Right now it is a little hard to plan our lives for the next six months. We’ll get some clarity soon, however, once we start the new chemo regimen. I realize that these new drugs are likely to be harder to deal with, but I am optimistic that I’ll do well and that the chemo will not impact our lives too negatively. We’ll certainly know soon enough. What I do know now, however, is that Cathy and I will get through this, just like we have gotten through everything else. And we’ll continue to rely upon Team Bacon to give us support. We couldn’t do it without you.


 

Laura Bacon September 17, 2013
 
Living with pain ... for now ...

Written August 24, 2012 12:42pm
 

I am still working to get the pain under control. Pain management sure is tricky. I’ve had a higher-dose patch on for about three days now, and am taking oxycodone somewhat regularly. I haven’t been able to get rid of the pain all together; indeed, the pain level fluctuates from mild to moderate. It certainly helps to know that it is not due to an active tumor, but I sure would like to get it under control. I know it takes time … I’ll try to be patient.
 

Cathy went on a run this morning.

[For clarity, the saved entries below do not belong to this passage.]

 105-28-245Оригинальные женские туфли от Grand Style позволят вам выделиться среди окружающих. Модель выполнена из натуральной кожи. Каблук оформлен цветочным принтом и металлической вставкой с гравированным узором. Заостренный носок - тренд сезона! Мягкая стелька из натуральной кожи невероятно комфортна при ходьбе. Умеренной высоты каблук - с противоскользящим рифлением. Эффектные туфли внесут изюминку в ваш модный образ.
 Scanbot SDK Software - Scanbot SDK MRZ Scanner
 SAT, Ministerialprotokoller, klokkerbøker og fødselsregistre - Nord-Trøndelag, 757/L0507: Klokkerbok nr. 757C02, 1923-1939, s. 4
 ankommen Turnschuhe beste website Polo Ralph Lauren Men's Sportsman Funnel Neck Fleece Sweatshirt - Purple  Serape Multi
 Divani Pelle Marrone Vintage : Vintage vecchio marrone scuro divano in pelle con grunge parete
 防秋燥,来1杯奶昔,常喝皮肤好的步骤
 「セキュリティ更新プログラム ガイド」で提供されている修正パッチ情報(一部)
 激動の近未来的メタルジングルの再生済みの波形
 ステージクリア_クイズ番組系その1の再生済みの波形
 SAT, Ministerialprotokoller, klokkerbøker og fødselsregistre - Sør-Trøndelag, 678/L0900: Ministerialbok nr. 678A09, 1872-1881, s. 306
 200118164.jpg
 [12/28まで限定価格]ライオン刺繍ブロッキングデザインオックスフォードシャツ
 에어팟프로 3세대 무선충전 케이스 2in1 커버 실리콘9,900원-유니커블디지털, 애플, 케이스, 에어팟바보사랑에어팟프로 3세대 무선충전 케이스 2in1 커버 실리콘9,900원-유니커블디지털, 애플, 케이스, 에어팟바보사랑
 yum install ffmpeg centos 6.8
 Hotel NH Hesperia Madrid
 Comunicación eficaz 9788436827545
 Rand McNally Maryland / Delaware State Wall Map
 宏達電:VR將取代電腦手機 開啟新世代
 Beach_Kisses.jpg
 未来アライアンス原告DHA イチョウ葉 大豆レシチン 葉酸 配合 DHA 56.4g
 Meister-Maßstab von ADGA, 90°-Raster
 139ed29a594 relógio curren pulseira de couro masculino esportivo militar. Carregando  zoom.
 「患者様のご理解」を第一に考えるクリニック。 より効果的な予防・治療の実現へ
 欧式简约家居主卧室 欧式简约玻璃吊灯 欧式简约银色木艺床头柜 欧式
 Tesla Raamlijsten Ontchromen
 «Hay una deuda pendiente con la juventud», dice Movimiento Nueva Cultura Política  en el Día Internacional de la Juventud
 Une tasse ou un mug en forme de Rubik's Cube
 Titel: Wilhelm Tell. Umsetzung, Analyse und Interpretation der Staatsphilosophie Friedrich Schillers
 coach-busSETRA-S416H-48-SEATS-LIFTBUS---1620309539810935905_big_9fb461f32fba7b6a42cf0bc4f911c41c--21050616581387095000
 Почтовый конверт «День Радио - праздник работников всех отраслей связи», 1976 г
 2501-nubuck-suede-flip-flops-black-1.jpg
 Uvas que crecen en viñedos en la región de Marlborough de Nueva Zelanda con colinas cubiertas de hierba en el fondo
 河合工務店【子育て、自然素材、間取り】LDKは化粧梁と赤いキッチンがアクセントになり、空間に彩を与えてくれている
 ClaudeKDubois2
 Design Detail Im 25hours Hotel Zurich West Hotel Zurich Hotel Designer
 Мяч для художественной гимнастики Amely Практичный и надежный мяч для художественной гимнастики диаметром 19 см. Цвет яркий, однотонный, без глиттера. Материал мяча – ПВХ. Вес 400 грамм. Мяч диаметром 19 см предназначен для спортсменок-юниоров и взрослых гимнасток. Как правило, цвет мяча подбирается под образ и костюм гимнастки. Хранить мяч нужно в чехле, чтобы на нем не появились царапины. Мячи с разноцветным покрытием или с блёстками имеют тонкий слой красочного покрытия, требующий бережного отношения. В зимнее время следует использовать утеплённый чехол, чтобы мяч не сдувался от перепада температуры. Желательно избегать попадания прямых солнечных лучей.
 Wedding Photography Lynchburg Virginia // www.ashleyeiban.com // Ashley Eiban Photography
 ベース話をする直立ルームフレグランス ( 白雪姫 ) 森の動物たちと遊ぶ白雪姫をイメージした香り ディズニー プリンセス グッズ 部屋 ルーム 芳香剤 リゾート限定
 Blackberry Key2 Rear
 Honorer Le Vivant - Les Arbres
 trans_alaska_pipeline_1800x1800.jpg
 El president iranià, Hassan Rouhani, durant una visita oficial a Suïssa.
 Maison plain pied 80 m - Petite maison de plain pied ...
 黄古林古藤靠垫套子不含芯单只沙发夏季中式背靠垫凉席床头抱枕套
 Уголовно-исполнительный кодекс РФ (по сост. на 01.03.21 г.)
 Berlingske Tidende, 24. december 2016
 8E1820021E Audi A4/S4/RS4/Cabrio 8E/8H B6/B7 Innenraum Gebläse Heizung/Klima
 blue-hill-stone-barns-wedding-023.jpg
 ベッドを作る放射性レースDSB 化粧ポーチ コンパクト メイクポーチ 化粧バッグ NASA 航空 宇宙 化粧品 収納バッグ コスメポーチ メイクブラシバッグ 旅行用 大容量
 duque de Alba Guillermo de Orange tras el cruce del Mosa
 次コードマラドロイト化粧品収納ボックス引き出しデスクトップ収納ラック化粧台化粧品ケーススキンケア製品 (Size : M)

She said her hip felt fine, so that is good. I skipped my walk (very unusual) because I was feeling nauseous after taking a couple oxycodone. I’m feeling better now.
 

We’ve been getting quite a bit of rain lately. It is always nice to get rain in the desert, especially since we have been in a drought lately. I hope to feel well enough to do a little yard work this weekend, particularly if it is not too hot. I feel like I should get a few things done before I start chemo again, just in case I don’t have enough energy to work in the yard once I am on the new regimen.
 

Cathy and I plan to be at Piper by about 6:30 on Monday morning. They will do some blood work to make sure that my body is ready for chemo (it certainly should be), and then we’ll start the show. I’m not really sure what all to expect, although I think we’ll be there until mid afternoon. Once we are done at Piper, they will send me home with a pump that will deliver one of the chemo drugs for about two days; we’ll go back on Wednesday to have them disconnect the pump … A new adventure, to be sure.
 

I will take my laptop to Piper on Monday in hopes that I will have the opportunity to post my journal entry while I am there. If I don’t get it done while I am at Piper, I may not get it done at all … it will depend upon how much energy I have once I get back home. So, if you don’t hear from me on Monday, you’ll know that I was too busy at Piper and too tired at home.
 

I hope you all have a great weekend. Thanks for your support.